I believe American evangelicalism finds itself in a similar story when it comes to its gospel. Stories have the power to shape people, cultures, even whole worlds. God’s good news is a story that undergirds our doctrines, shapes our ministries, gives life to our confessions, and propels our mission as a church. But if we fail to discern the story amid possible distortions, then the church will continue to “scribble” accordingly. The beginning of this new year is a good time then to ask ourselves, what has been revealed as the good news in some parts of the American church? I believe the last few months have shed a light on at least five popular storylines:

  • In politics, a leader’s character or even his despotic tendencies won’t matter, as long as he preserves our American-Christian form of belief. Though we live in a democracy we’ll just call him the 21st Century Cyrus, the pagan monarch who acted on behalf of God’s chosen ones in the Bible.
  • Whiteness has every right and means to preserve itself, from the highest office in the land, to the academy, to untouchable policing, to historical monuments erected in its honor. Even an angry white mob of insurrectionists attempting to subvert democracy who breached the halls of Congress will be treated by the police with humanity and temperance.
  • Listen to the Spirit because science has a hidden agenda and ought to be considered peripheral to our Christian beliefs, even when it comes at the cost of public health and human life.

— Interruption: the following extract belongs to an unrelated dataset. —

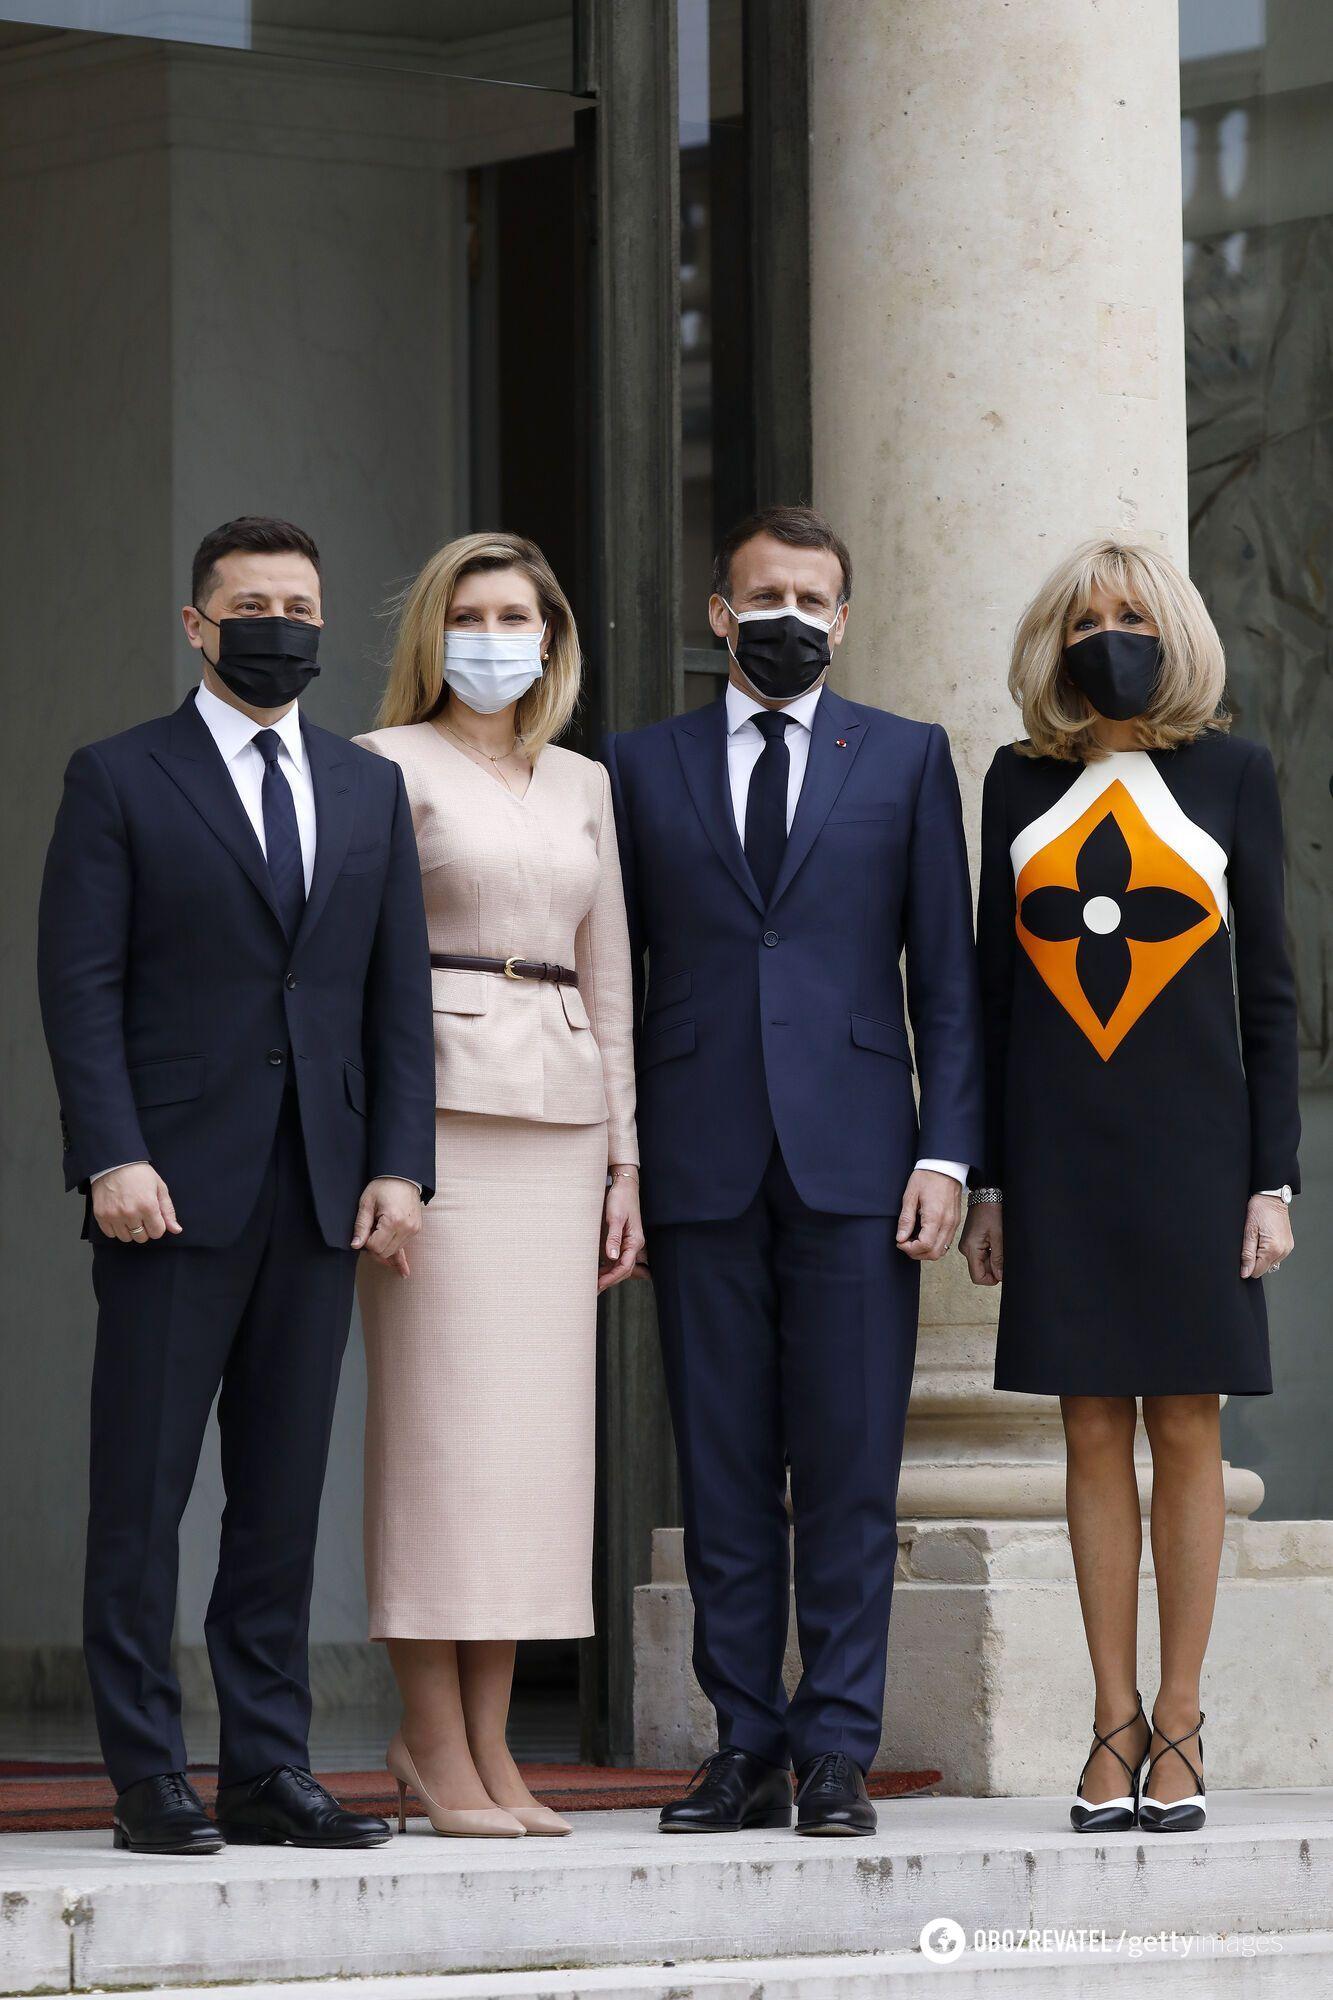 Владимир Зеленский с женой Еленой и Эманнуель Макрон с женой Брижит

  • The penultimate definition of worship and justice consists of freedom to convene large [unmasked] gatherings during a pandemic. American Jesus in the end will ascribe higher value to our white-bodied neighbors with good genetics.
  • In public discourse we can simply cancel people because they’re not as woke as we are.

These are just a few of the distorted storylines we’ve received and perhaps have even internalized to some degree. But God’s story can never be detached from God’s dream of shalom, grounded in countless stories of redemption across the globe, traced back through the scars of Christ’s own Afro-Asiatic body. An American Gospel cannot contain the eternity and historicity of such a narrative of love—God who reigns over a multiverse of stars and nebulas…yet who also has the very “good bacteria” in our bellies all numbered.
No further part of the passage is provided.